After Boom’s titanium parts were 3D printed, they were cut from the build plate with sawing or wire EDM. DMP machinists found post-processing to be relatively straightforward.

“After we cut the build plate, we didn’t have much to do in terms of post-machining other than minimal support shrinkage,” says Aaron. “You don’t have small supports in small crevices or hard-to-reach places because SupportFree technology eliminates the need for them. The parts come out of the Sapphire system almost finished, requiring just a little manual work with a screwdriver or grinder. We also ream pilot holes (on larger pieces to be assembled) with a milling cutter to make sure they are the correct size. It depends on the part, but probably just half an hour of machining per part, which is okay.

Close-up of airfoils, as printed.

Image courtesy of VELO3d

The part geometries presented an additional challenge when creating devices to hold the parts during finishing. Aaron adds, “There are almost no perfectly flat or round surfaces on an airplane, which makes them difficult to grip. But we used the CAD models of the quickly designed and 3D printed custom plastic parts and fixtures (on a separate FDM printer) that were properly squared or rounded so that we could grab them with our finishing tools.

The partial finish of the machine was tested with a profilometer, recording around 250Ra on average.

“If the customer wanted to upgrade to 125Ra, it would only take a few minutes with a vapor barrier to get there,” says Aaron.

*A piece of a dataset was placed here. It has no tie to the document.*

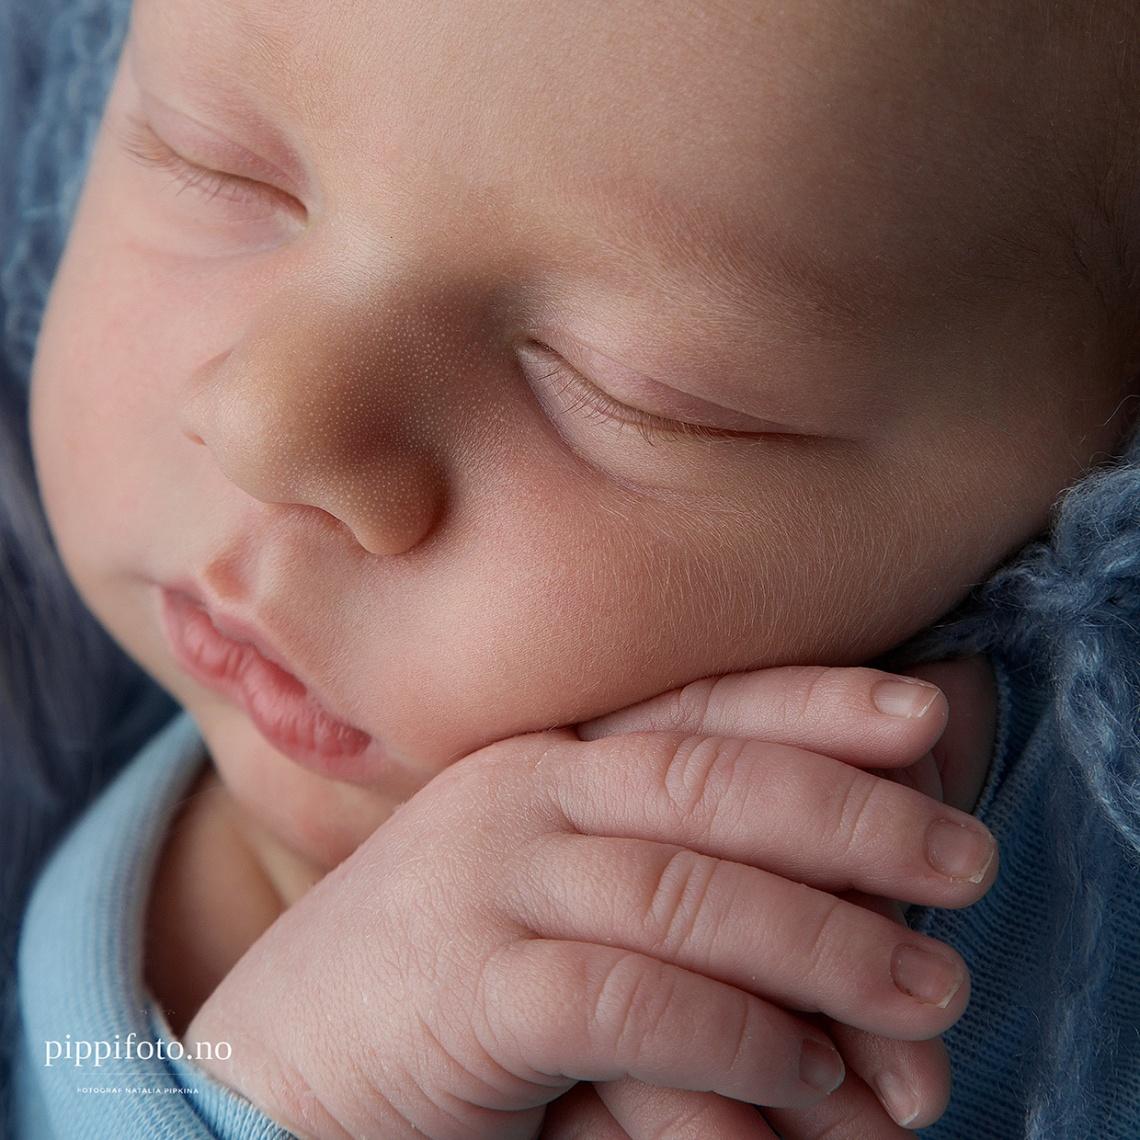 navn-til-nyfødt-gutt-nyfødtbaby-nyfødtfotografering-gravidfoto-termindato-babyfoto-follo-fotograf-venter-et-barn-familiefotografering-Oslo
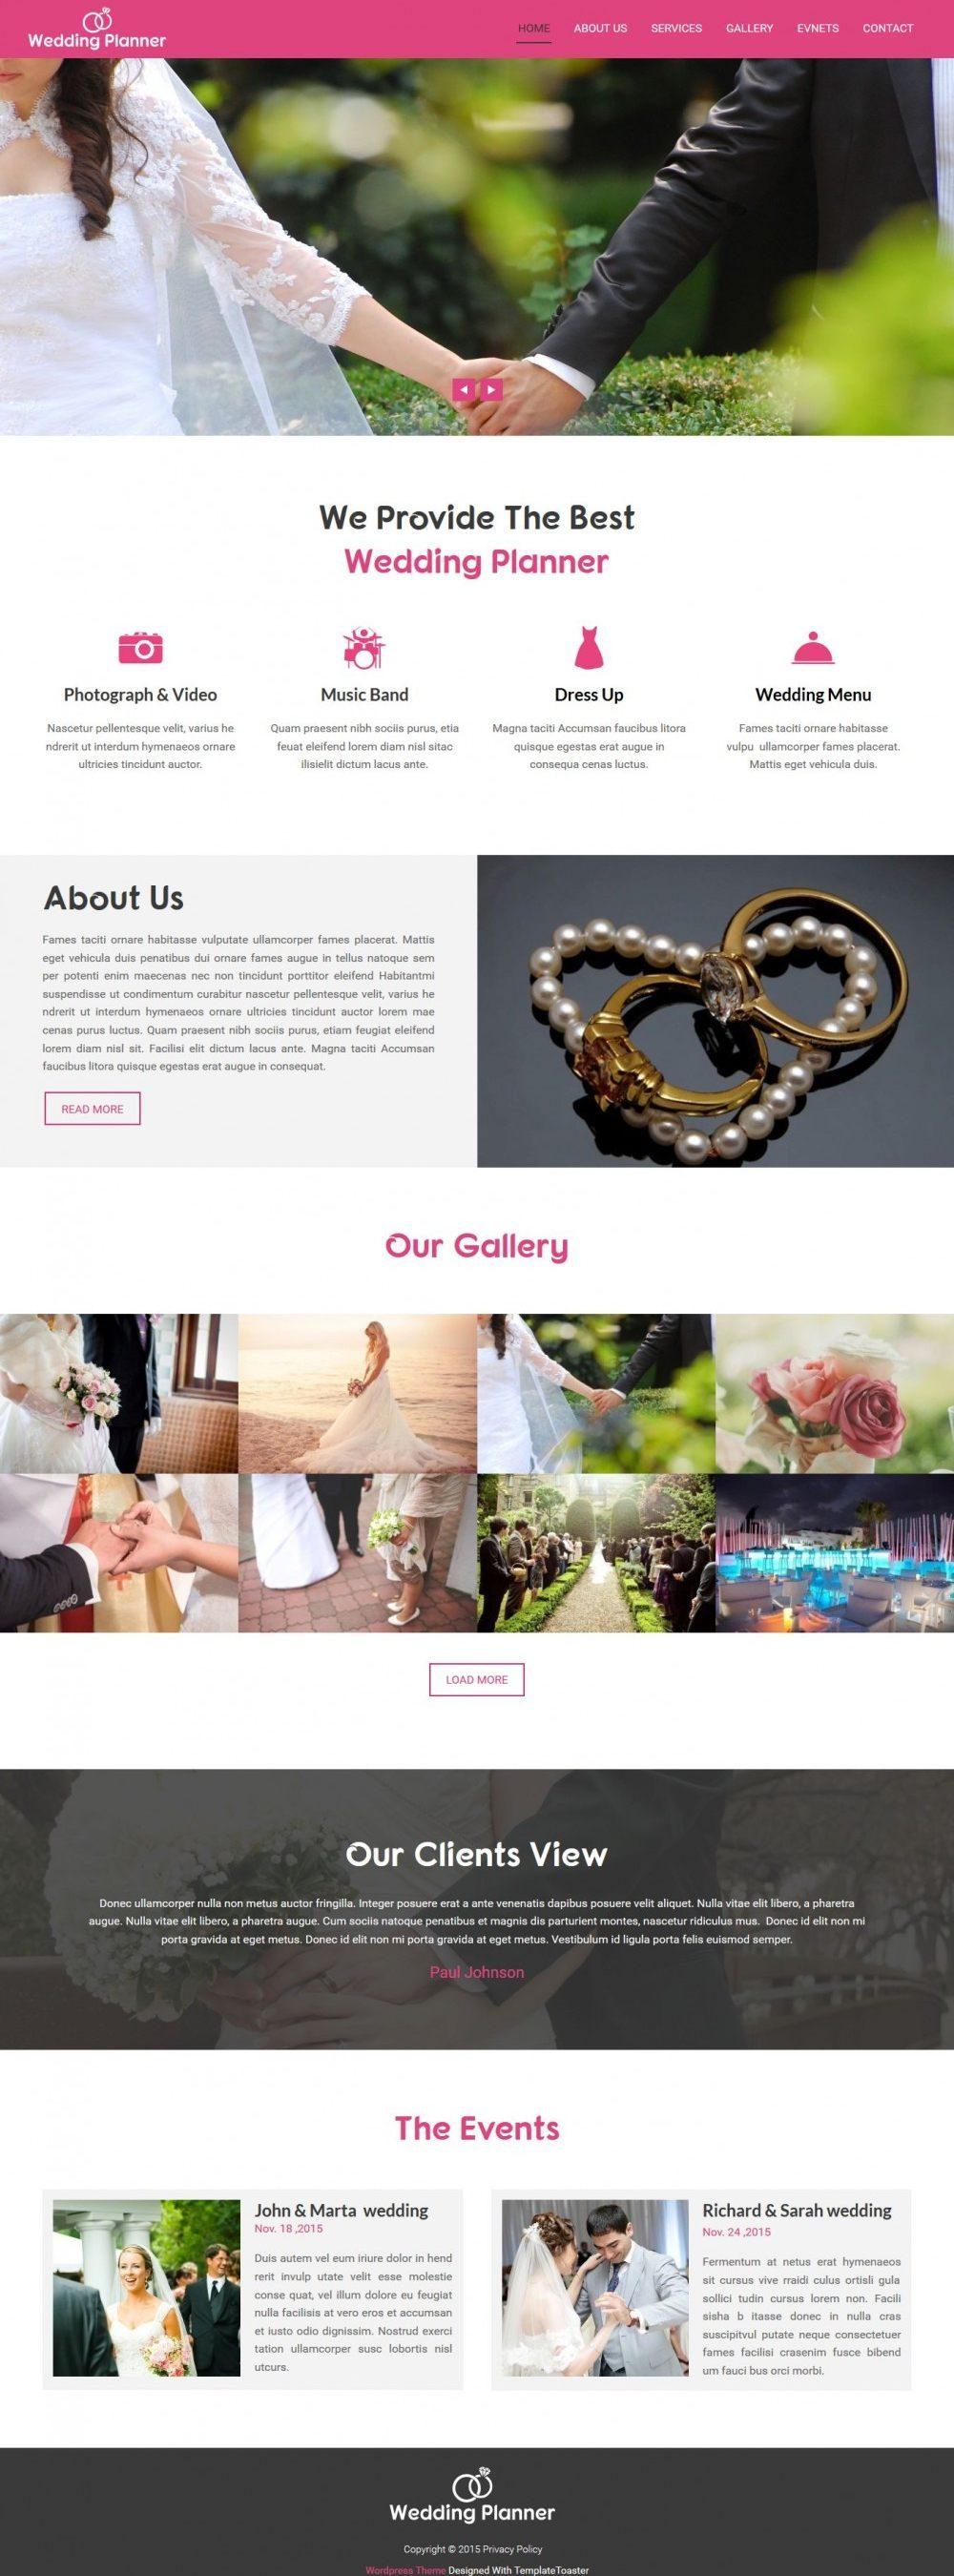 Wedding Planner - Wedding Planner And Wedding Organizer Free Wordpress Theme

The finished parts have been heat treated and / or hot isostatic press (HIP) to improve fatigue resistance. “Supersonic flight introduces a number of different phenomena and stresses that you don’t typically see with conventional air travel,” notes Gene.

“The main applied forces are usually not pressure loads resulting from breaking the sound barrier,” adds Byron. “In many cases, this is an induced stress caused by the overall structure of the aircraft flexing around your part. Parts with different coefficients of thermal expansion mounted to each other can produce significant stresses. Designing these 3D printed parts to be very thin and flexible can actually alleviate some of these issues. ”

Try, learn and repeat

The companies that have successfully produced the 3D printed parts for Boom Supersonic’s XB-1 supersonic demonstrator have learned a lot from their collaboration. The Boom team found that AM was more complex than they imagined, but it could also meet its original design intent. Duncan Machine Products significantly developed its expertise in 3D printing and eventually purchased a third Sapphire machine. “We get a lot of new business because of our additive manufacturing capabilities,” says Aaron.